Deferred work tracked here so it's not lost

  • C1 (cleanup, partially started 2026-05-06): Delete v1 widget tree (webchat-ui/src/widget/, index.widget.html, vite.widget.config.ts, dist-widget/).
    • Done today: dropped the v0.5 fallback paths from mcp-server/src/widget.ts CANDIDATES list (no doc dependency, safe surgical change).
    • Blocked on doc rewrite: docs/WIDGET-CUSTOMIZATION.md is substantively v0.5-oriented — it documents the BotFramework Web Chat styleOptions JSON path (Layer 2) and editing Widget.tsx with <Composer> + <BasicWebChat> (Layer 3). Both are dead in v0.6's data-widget pattern. The doc needs a v0.6 rewrite that says "edit webchat-ui/src/widget-v2/main.tsx directly" — not just path updates. Until that rewrite ships, deleting webchat-ui/src/widget/ would create broken doc links pointing at non-existent files.
    • Also blocked: local-dev scripts build:widget and build:all in webchat-ui/package.json reference vite.widget.config.ts. They're dead but not orphaned (someone could still try npm run build:all on a fork). Remove together with the source files when the doc rewrite is ready.
  • B3 follow-up (RESOLVED 2026-05-06): Verified against MS reference trey-research/ai-plugin.json — the MS pattern declares ALL tools (widget + data) in functions[], run_for_functions[], and x-mcp_tool_description.tools[]. Updated source ai-plugin.json to declare submitAdaptiveCardAction correctly. Smoke also caught two pre-existing drifts in openCopilotStudioChat: manifest's required[] was empty (server says userQuery required) and conversationId wasn't declared at all. Fixed both. Next publish must bump manifest.json from 1.1.5 to 1.2.0 (or 1.1.6) AND re-approve in CDX tenant admin because tool count + arg-schema both changed (locked-contract surface per ADR 0005).
  • Contracts JSON lock (originally B3): v0.7.3a shipped the smoke-test path — mcp-server/scripts/smoke-mcp.mjs runs as a pre-deploy gate in CI and asserts the locked-contract surface end-to-end. The --manifest <path> flag (added 2026-05-06) cross-checks server tools/list against the source ai-plugin.json (functions, run_for_functions, x-mcp_tool_description.tools, per-tool required/properties). A separate contracts.lock.json snapshot file would be redundant.
  • Smoke-test live-endpoint gate: The CI workflow runs the smoke against a local server; it does NOT yet call the deployed App Service after publish. Adding a post-deploy smoke against https://app-mcsmcpapps-mcp.azurewebsites.net/mcp (with a service-principal Bearer token) would close the loop on remote deploys. Token-minting in CI is the unsolved piece.
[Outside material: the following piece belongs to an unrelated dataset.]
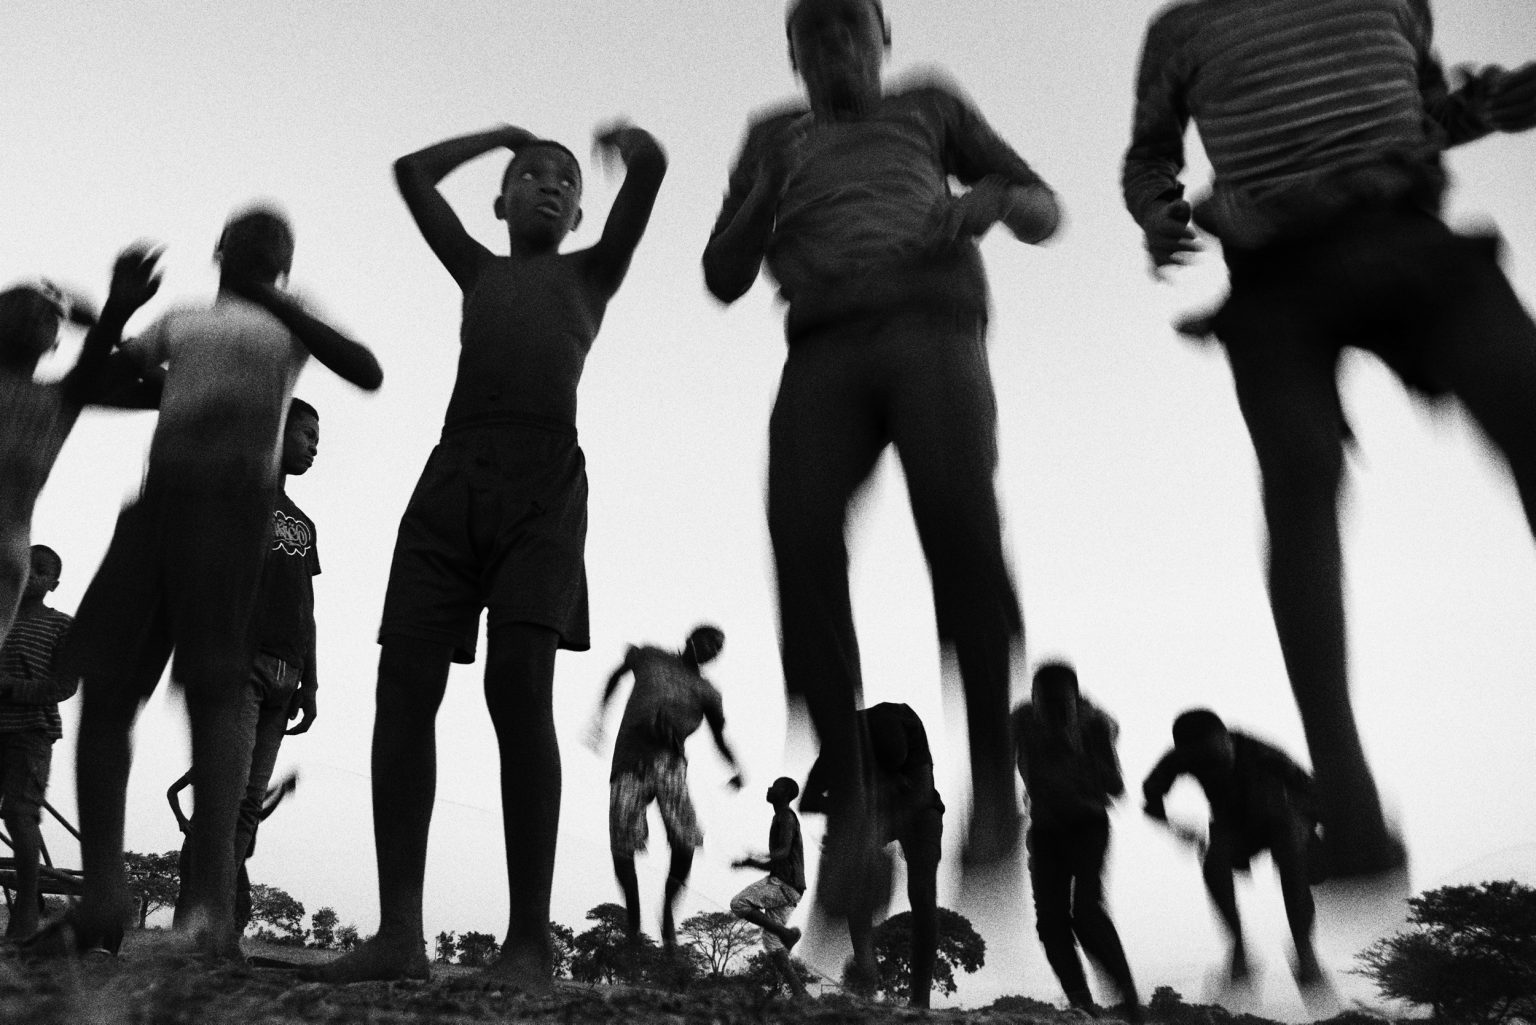 ragazzi di Mthunzi provano esercizi di acrobatica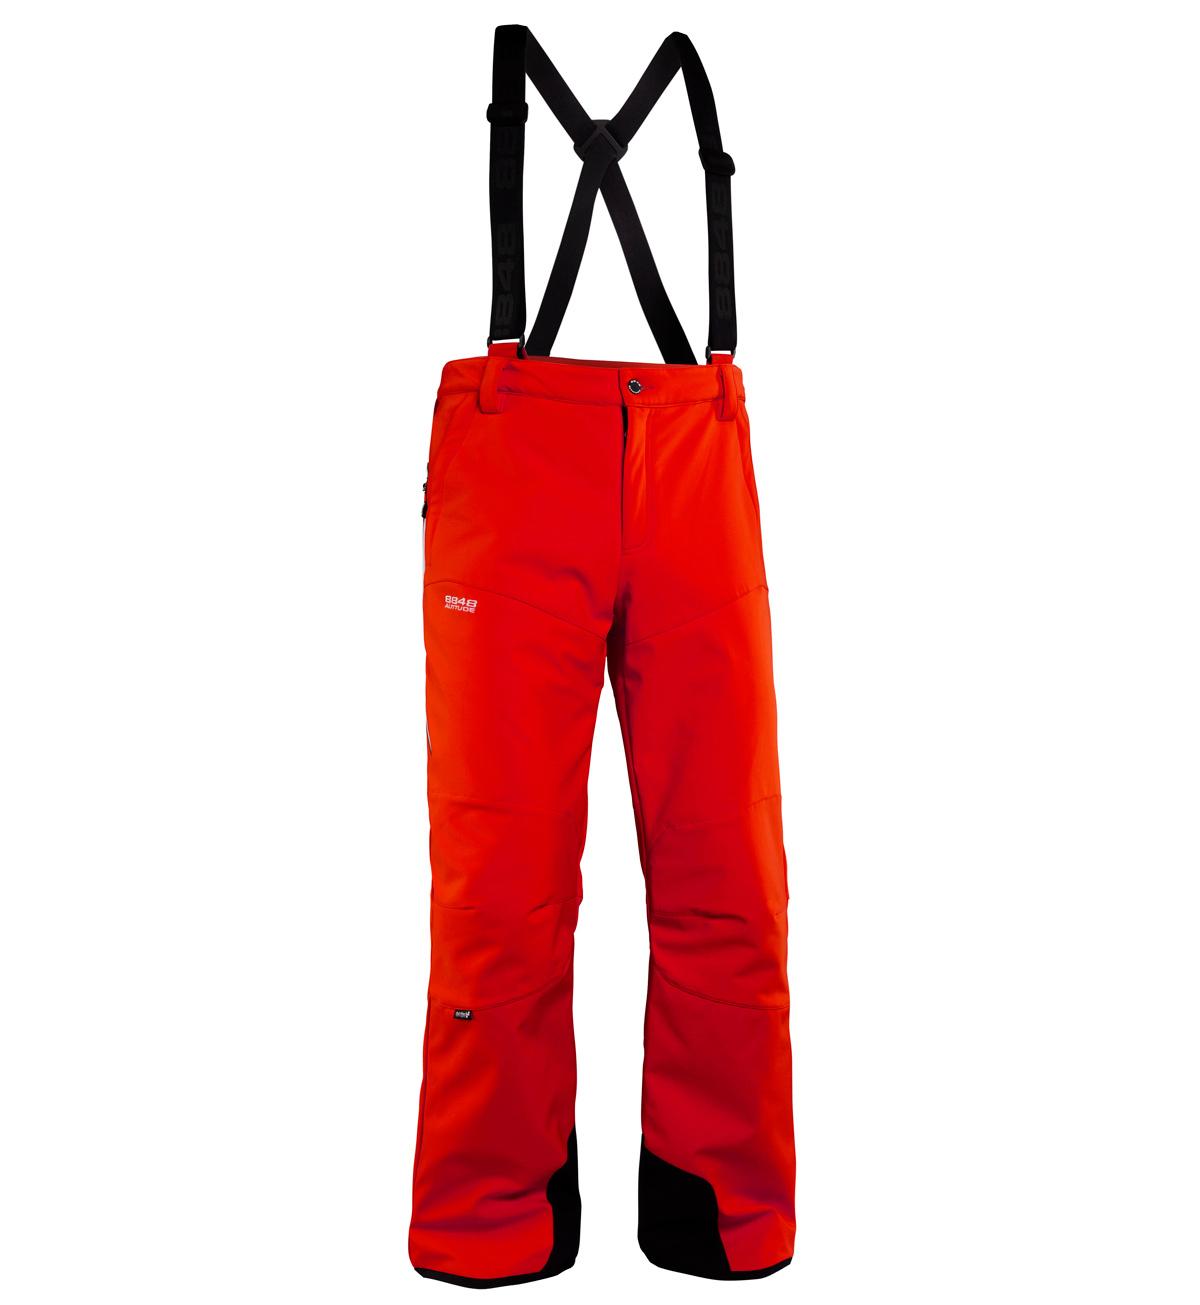 Брюки горнолыжные 8848 Altitude MURRAY Red мужские

Next publish to CDX — required actions

The source manifest in declarative-agent/appPackage/ai-plugin.json is now ahead of what's live in CDX (v1.1.5). When you next publish:

  1. Bump declarative-agent/appPackage/manifest.json version from 1.1.5 to 1.2.0 (minor bump because we added a tool to the contract; treat as semver-ish).
  2. Run Agents Toolkit → Provision → Publish.
  3. Approve the new version in Microsoft 365 admin center → All agents → Requests (the surface from FEATURE-REQUESTS.md §1.1).
  4. Within 30 sec of admin approval going live, run node mcp-server/scripts/smoke-mcp.mjs https://app-mcsmcpapps-mcp.azurewebsites.net/mcp (with a Bearer token if SSO is enforced) and S01 from SMOKE-CHECKLIST.md. Revert the manifest commit if either fails.

The server-side change is already live in production (manifest is what's stale). So the publish is risk-controlled — worst case the host LLM continues using its v1.1.5 cached catalog until approval.